O Secretário do Tesouro dos Estados Unidos, Scott Bessent, deve anunciar na segunda-feira o que o governo chama de sanções econômicas mais duras da história, visando isolar o Irã e colapsar sua liderança. O Presidente Donald Trump descreveu a medida como um Dia D econômico e alertou que qualquer país que forneça um suporte vital ao Irã enfrentará consequências econômicas. Essa mudança em direção à guerra econômica ocorre enquanto o conflito entre os EUA e o Irã se aproxima da marca de seis meses.
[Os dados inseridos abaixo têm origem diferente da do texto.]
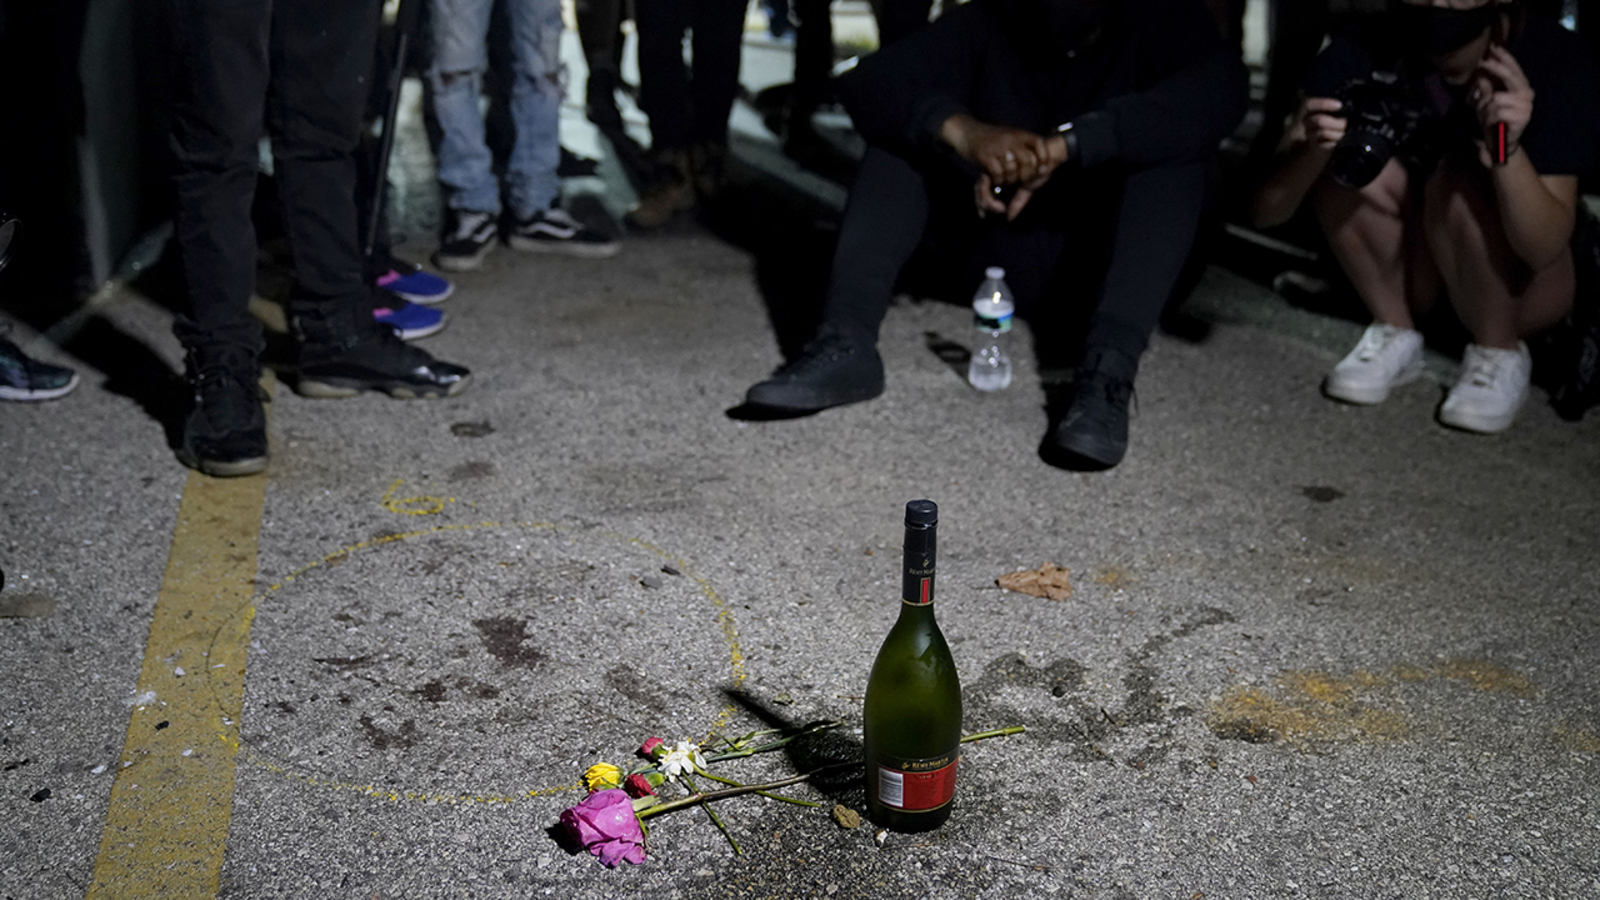 Anthony Huber Joseph Rosenbaum Tried To Disarm Kyle Rittenhouse Before Fatal Shooting During Jacob Blake Protest In Kenosha Reports 6abc Philadelphia

Em resposta, o Presidente iraniano Masoud Pezeshkian afirmou que é um momento oportuno para encerrar a guerra porque o Irã está em uma posição de força e dignidade. Ele alegou que o mundo reconhece a vitória do Irã, embora também tenha afirmado que o Irã não se curvará à intimidação e resistirá até o último suspiro.
O conflito permanece caracterizado por um impasse militar. Os EUA mantêm um bloqueio naval dos portos iranianos, enquanto o Irã continua a limitar o transporte através do Estreito de Ormuz. Embora o Secretário de Energia dos EUA, Chris Wright, tenha declarado que o petróleo está fluindo, outros relatórios indicam que o tráfego permanece em uma fração dos níveis anteriores à guerra. Alguns relatórios sugerem que a Marinha dos EUA está protegendo comboios secretos de petroleiros para manter um fluxo de 5 a 10 milhões de barris de petróleo por dia. Enquanto isso, a liderança militar do Irã ameaçou com respostas esmagadoras e devastadoras às novas ameaças dos EUA.
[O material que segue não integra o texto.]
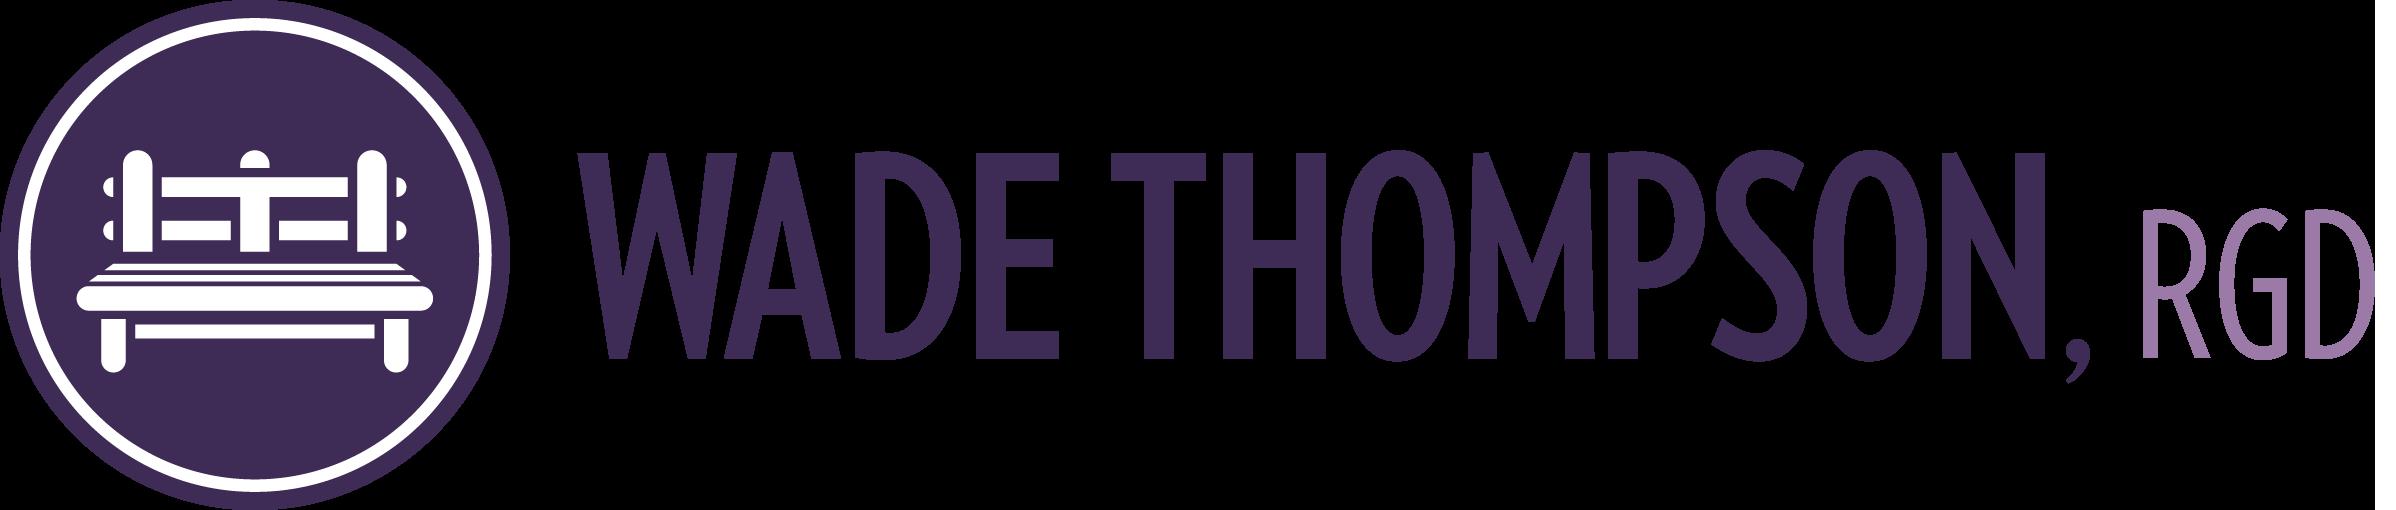 WADE THOMPSON

Os esforços diplomáticos permanecem estagnados. O Presidente Trump afirmou que o Irã adoraria fazer um acordo, mas ainda não está pronto para fazer o acordo certo. Ele também alegou que os EUA têm controle total sobre a região, incluindo o Estreito de Ormuz. Autoridades iranianas condenaram as sanções dos EUA como terrorismo econômico e uma violação do direito internacional. A China, principal parceiro comercial do Irã, criticou as medidas dos EUA e instou todas as partes a resolver o problema por meio de medidas responsáveis.
O impacto econômico no Irã é um ponto de discórdia. O Presidente Trump citou a inflação de 350 por cento como evidência da fraqueza iraniana, um número que a mídia alinhada ao estado iraniano rejeitou como sem fundamento. No entanto, outros relatórios descrevem famílias iranianas lutando para pagar itens básicos e a moeda nacional atingindo mínimas recordes em relação ao dólar.
Como cada lado enquadrou
- Esquerda
- Esses veículos focaram no sofrimento dos civis iranianos e na percepção de injustiça da guerra econômica dos EUA.
- Centro-esquerda
- Esses veículos enfatizaram o impacto humanitário do bloqueio e enquadraram as sanções dos EUA como uma potencial violação do direito internacional.
- Centro
- Esses veículos focaram no impasse estratégico e nos dados econômicos específicos relativos aos embarques de petróleo e sanções.
- Centro-direita
- Esses veículos destacaram a posição de controle dos EUA na região e a pressão exercida sobre o regime iraniano.
Fontes
- Centro-esquerda Al Jazeera: Trump: ‘We’re seeing what happens’ on sanctions for Iran
- Centro-esquerda Al Jazeera: Iranian president says time to end war with US from ‘position of strength’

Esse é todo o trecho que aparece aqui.